If the job is running or has not launched, returns None.

Note that this method makes a blocking call to the job server.

getJob() Optional[schrodinger.job.jobcontrol.Job]

Return the job record as a schrodinger.job.jobcontrol.Job instance.

Returns None if the job hasn’t been launched.

getJobDJ() schrodinger.job.queue.JobDJ

Return the JobDJ instance that this job has been added to.

getPrereqs()

Return a set of all immediate prerequisites for this job.

getStatusStrings() Tuple[str, str, str]

Return a tuple of status strings for printing by JobDJ.

The strings returned are (status, jobid, host).

hasExited() bool

Returns True if this job finished, successfully or not.

hasStarted() bool

Returns True if this job has started (not waiting)

init_count = 0
isComplete() bool

Returns True if this job finished successfully

kill()

Send kill request to jobcontrol managed job

postCommand()

A method to restore things to the pre-command state.

preCommand()

A method to make pre-command changes, like cd’ing to the correct directory to run the command in.

retryFailure(max_retries: int = 0) bool

This method will be called when the job has failed, and JobDJ needs to know whether the job should be retried or not.

JobDJ’s value for the max_retries parameter is passed in, to be used when the job doesn’t have its own max_retries value.

Return True if this job should be retried, otherwise False.

run(*args, **kwargs)

Run the job.

The steps taken are as follows:
  1. Execute the preCommand method for things like changing the working directory.

  2. Call the doCommand to do the actual work of computation or job launching.

  3. Call the postCommand method to undo the changes from the preCommand that need to be undone.

runsLocally() bool

Return True if the job runs on the JobDJ control host, False if not. Jobs that run locally don’t need hosts.

There is no limit on the number of locally run jobs.

setup()

A method to do initial setup; executed after preCommand, just before doCommand.

property state: schrodinger.job.queue.JobState

Return the current state of the job.

Note that this method can be overridden by subclasses that wish to provide for restartability at a higher level than unpickling BaseJob instances.
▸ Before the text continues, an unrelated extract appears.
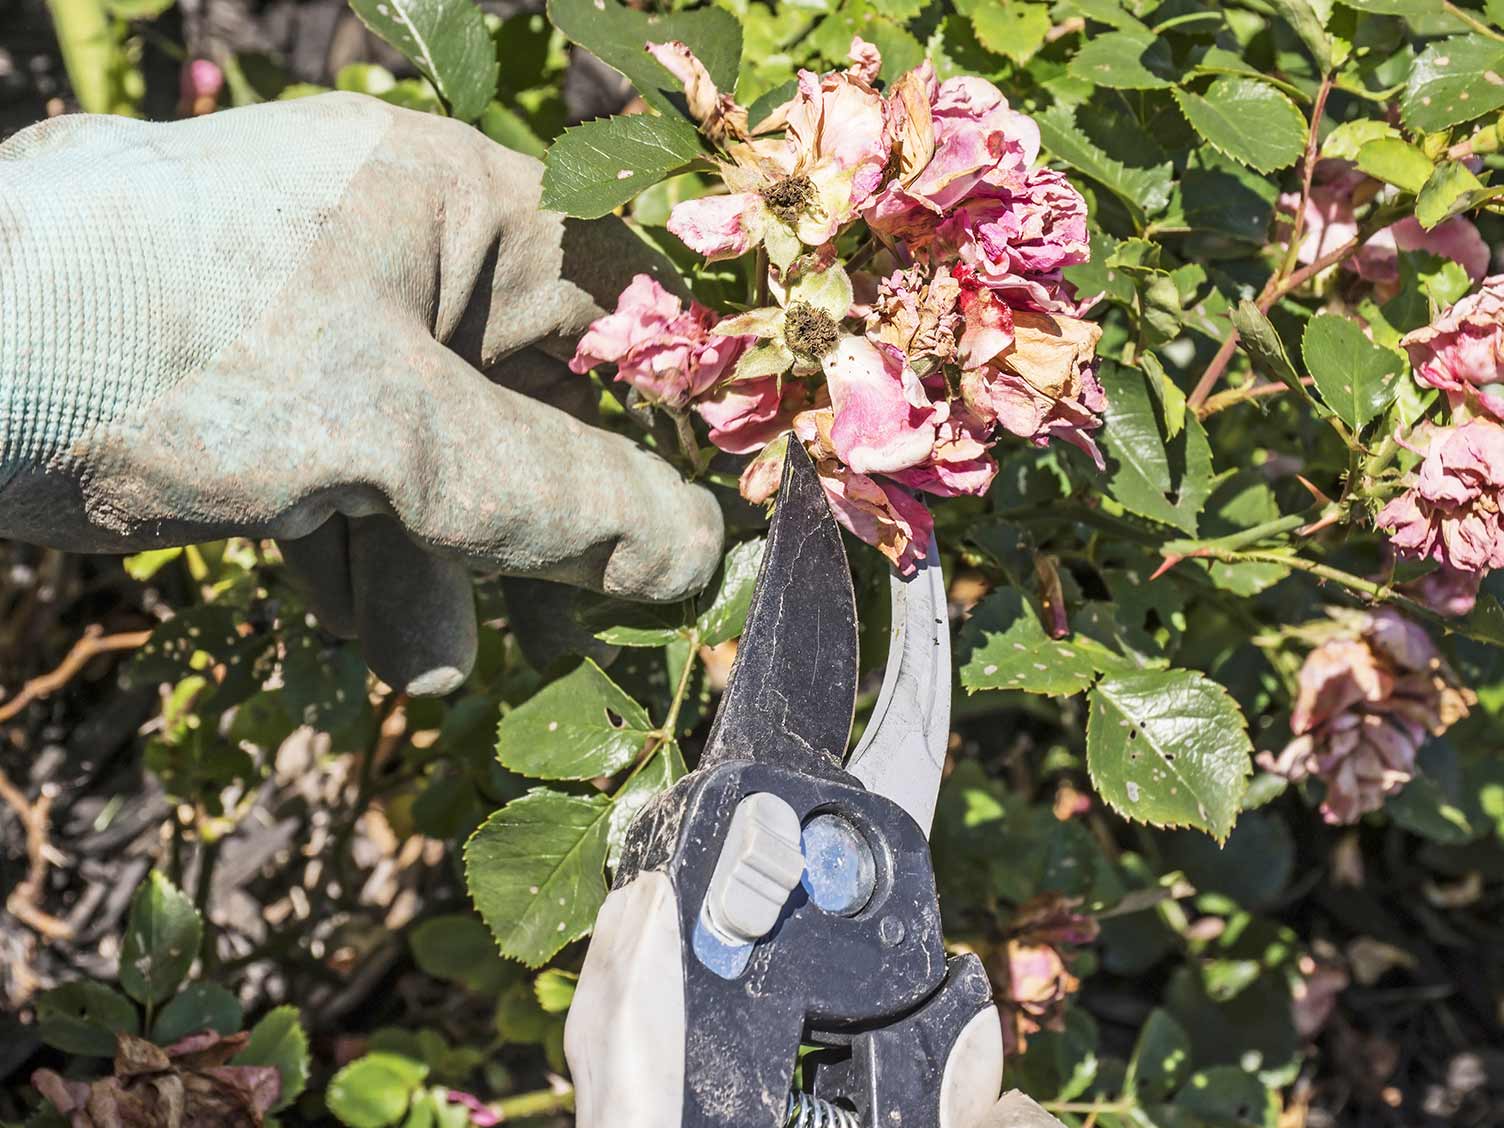 Deadheading/pruning roses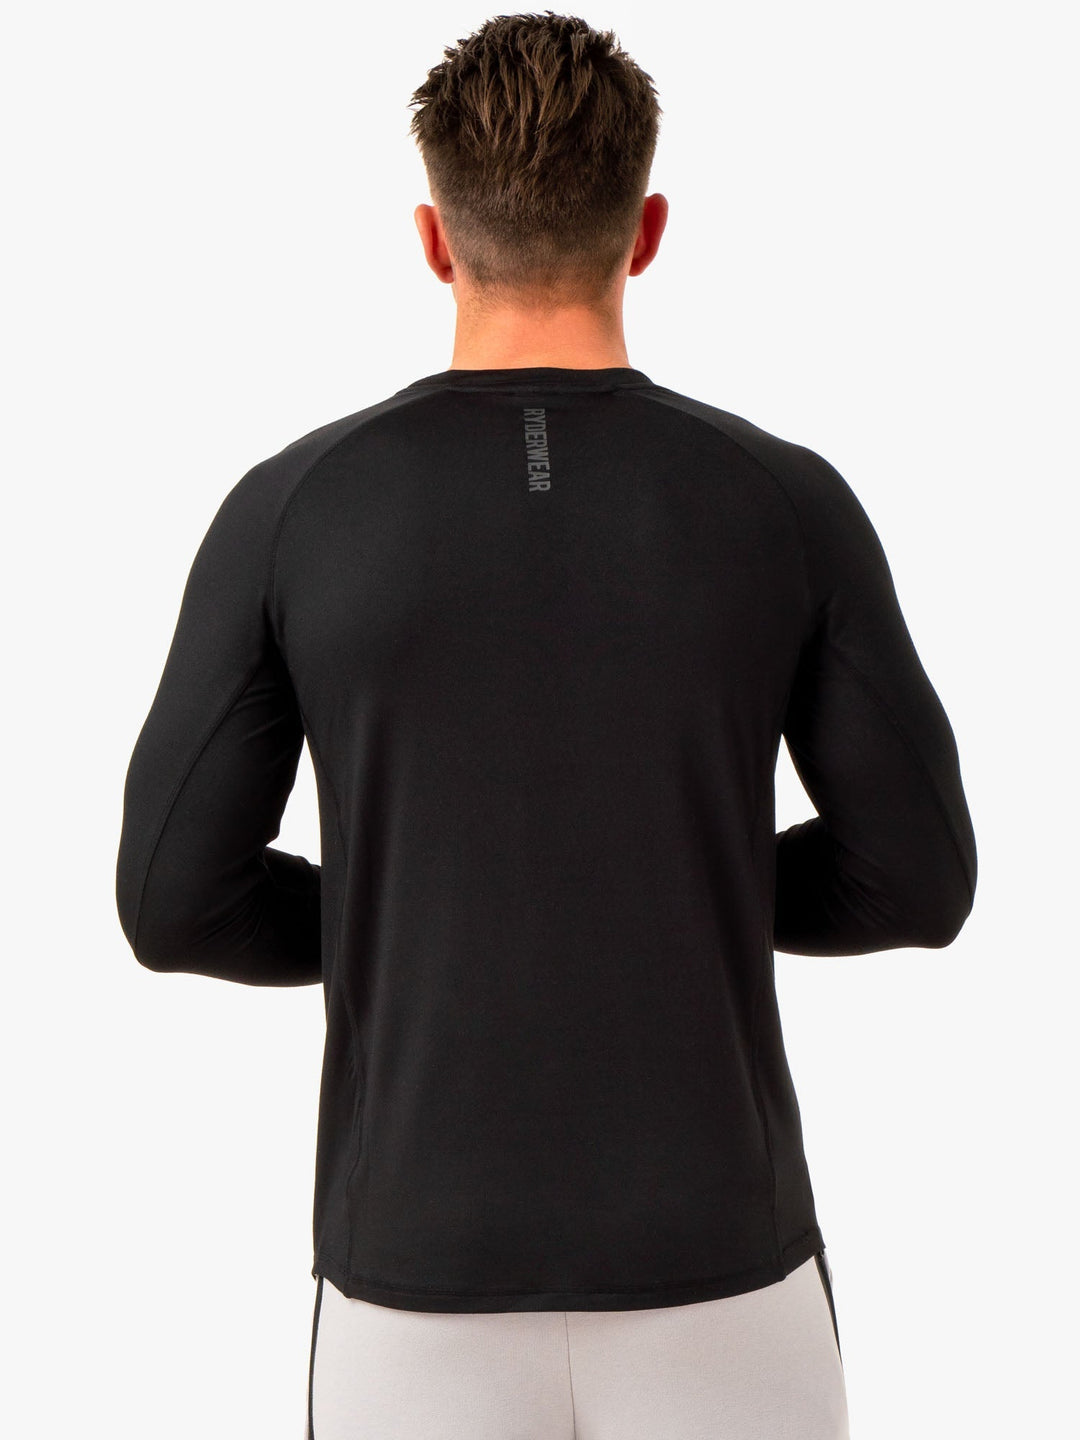 Enhance Long Sleeve Training Top - Black Clothing Ryderwear

For example, by examining some external condition (e.g. presence of output files) the state JobState.DONE could be returned immediately and the job would not run.

update()

Checks for changes in job status, and updates the object appropriately (marks for restart, etc).

Raises

RuntimeError – if an unknown Job Status or ExitStatus is encountered.

usesJobServer() bool

Detect, by looking at the jobId, whether this job uses a job server.